The article does not really mention that the growth in health care costs is going to accelerate anyway with an aging population, because older people cost more per capita in terms of their health care. Price ceilings facing such pressure are more likely, one would think, to result in market failure. There are other issues in the health care market -- information asymmetry and the very low price elasticity of demand for the most expensive (i.e. life saving) services.
Such traits of a market would normally lead to a high equilibrium price, so a price ceiling set low would only result in a stronger market distortion. One of the elements of the paper is the idea of marginal cost -- that government seeks via price controls to be a marginal cost consumer. Other consumers therefore need to supply much of the profit, leading to runaway costs.

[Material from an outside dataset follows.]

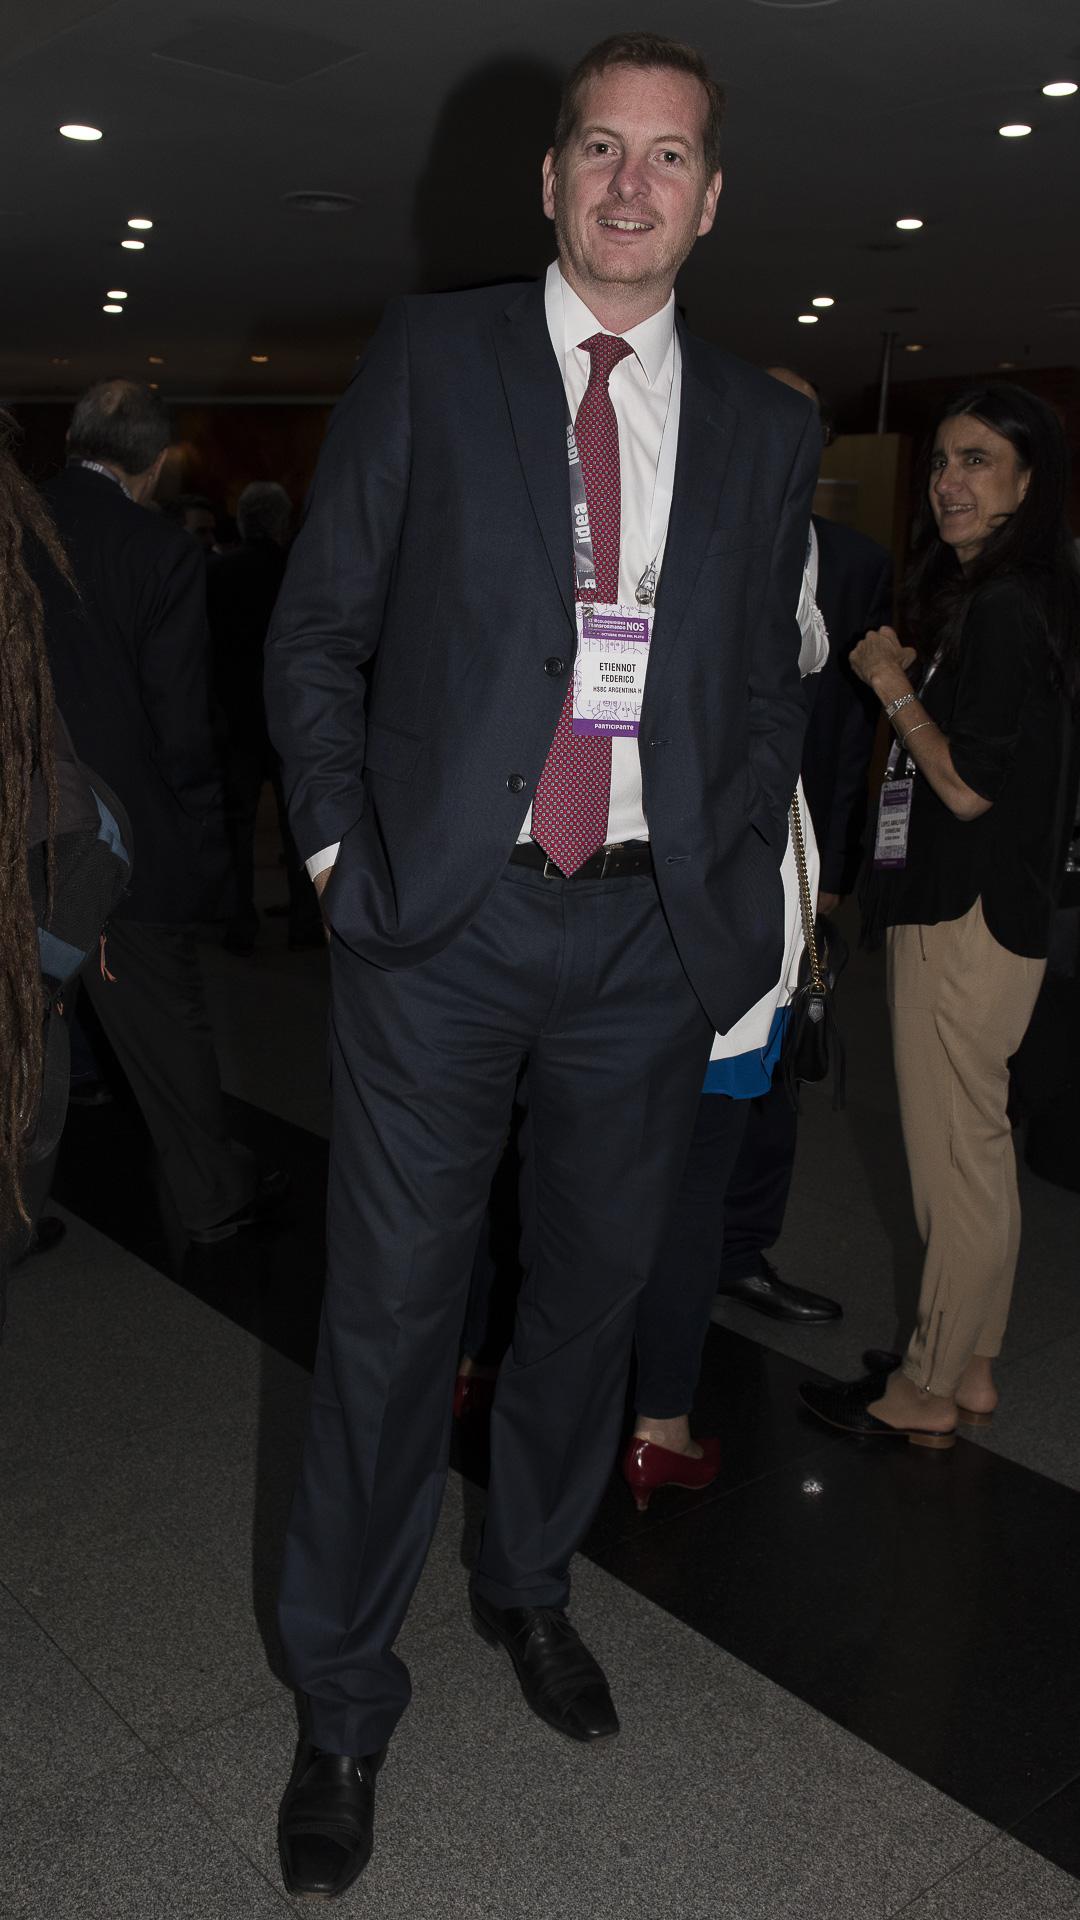 Federico Etienott, Director del HSBC

The author notes that if the government refuses to pay above marginal cost, the more people going on government plans will transfer the costs on the smaller number of remaining consumers. Thus, the author notes that there is an opportunity cost of putting more people on Medicare/Medicaid (or implementing price ceilings, as these are the only ways to enact price ceilings in the U.S. system). This opportunity cost is that others will foot the bill.
Thus, while for some consumers there may not be much change in health care costs, for other consumers the costs are likely to skyrocket. The average cost in the health care system will still rise, as the market equilibrium point will not change. Price ceilings only shift the burden of achieving average cost equilibrium around to different people within the system. The author does touch on reduced amounts of competition as a factor in increasing costs.

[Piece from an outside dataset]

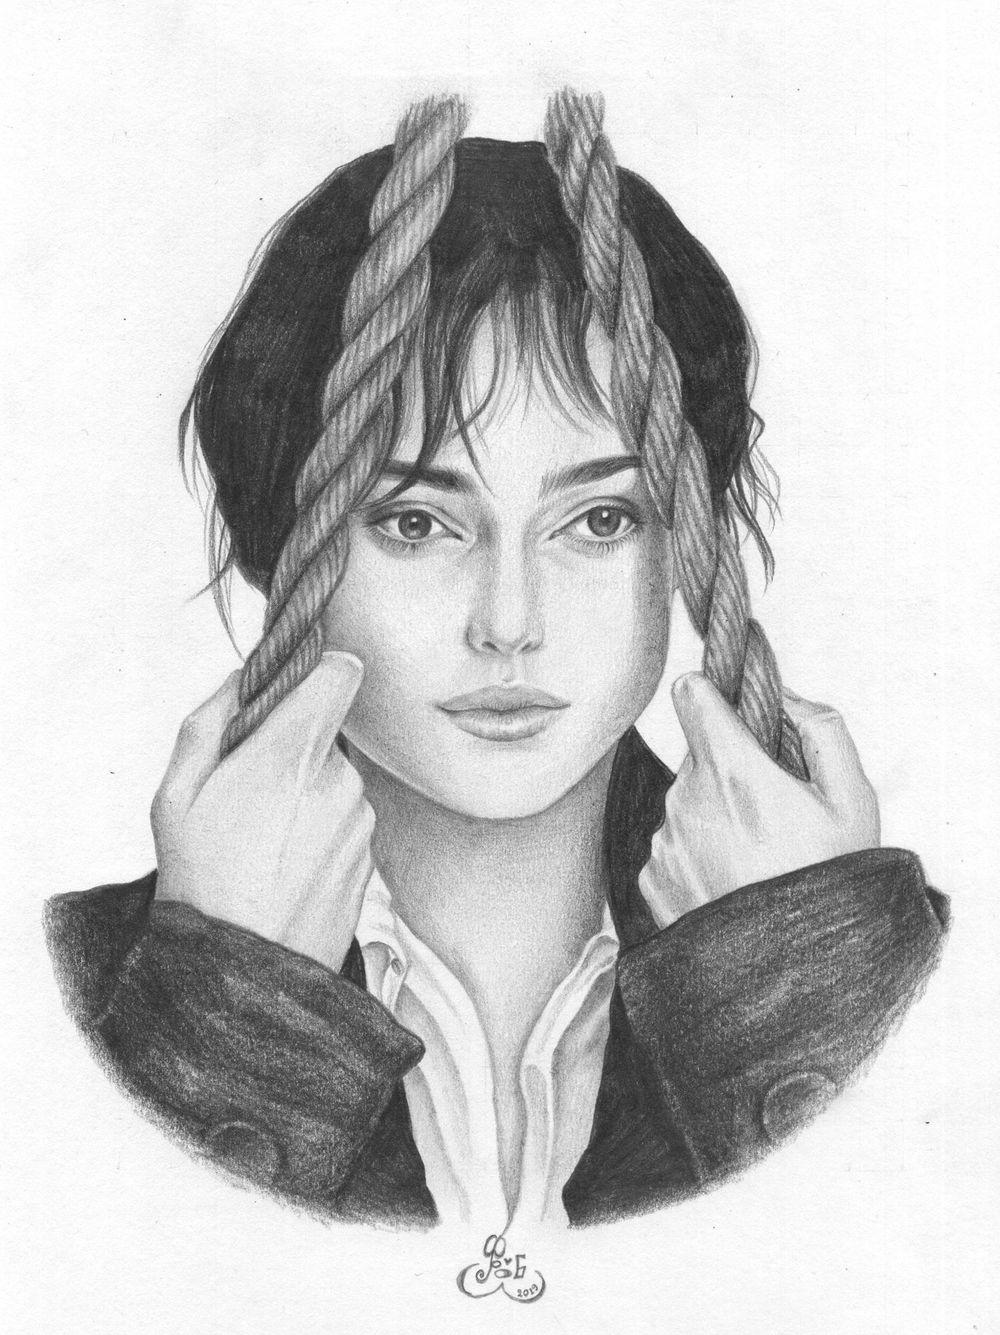 Portrait: Keira Knightley as Elizabeth Bennet - image 5 - student project

There was more competition in the 1990s, leading to lower costs and lower cost growth. Competition can be expected to lower costs, but to some extent it might not be sustainable. There are issues with supply in health care markets, for example. If there are insufficient numbers of providers, the equilibrium point is going to be higher. If demand is higher -- whether the effects of an aging population or aggressive pharma marketing campaigns to get more people on more pills -- that also drives the equilibrium higher.
It is at the equilibrium point where the best solutions lie. The article dances around this to a point -- it gets to the part where it is explained how price ceilings do not shift the equilibrium point and are therefore unlikely to be successful in the long run. The next step in that line of thinking is that the true solutions to health care cost increases like with increasing supply, increasing competition, reducing demand and increasing information among buyers so that health companies cannot get away.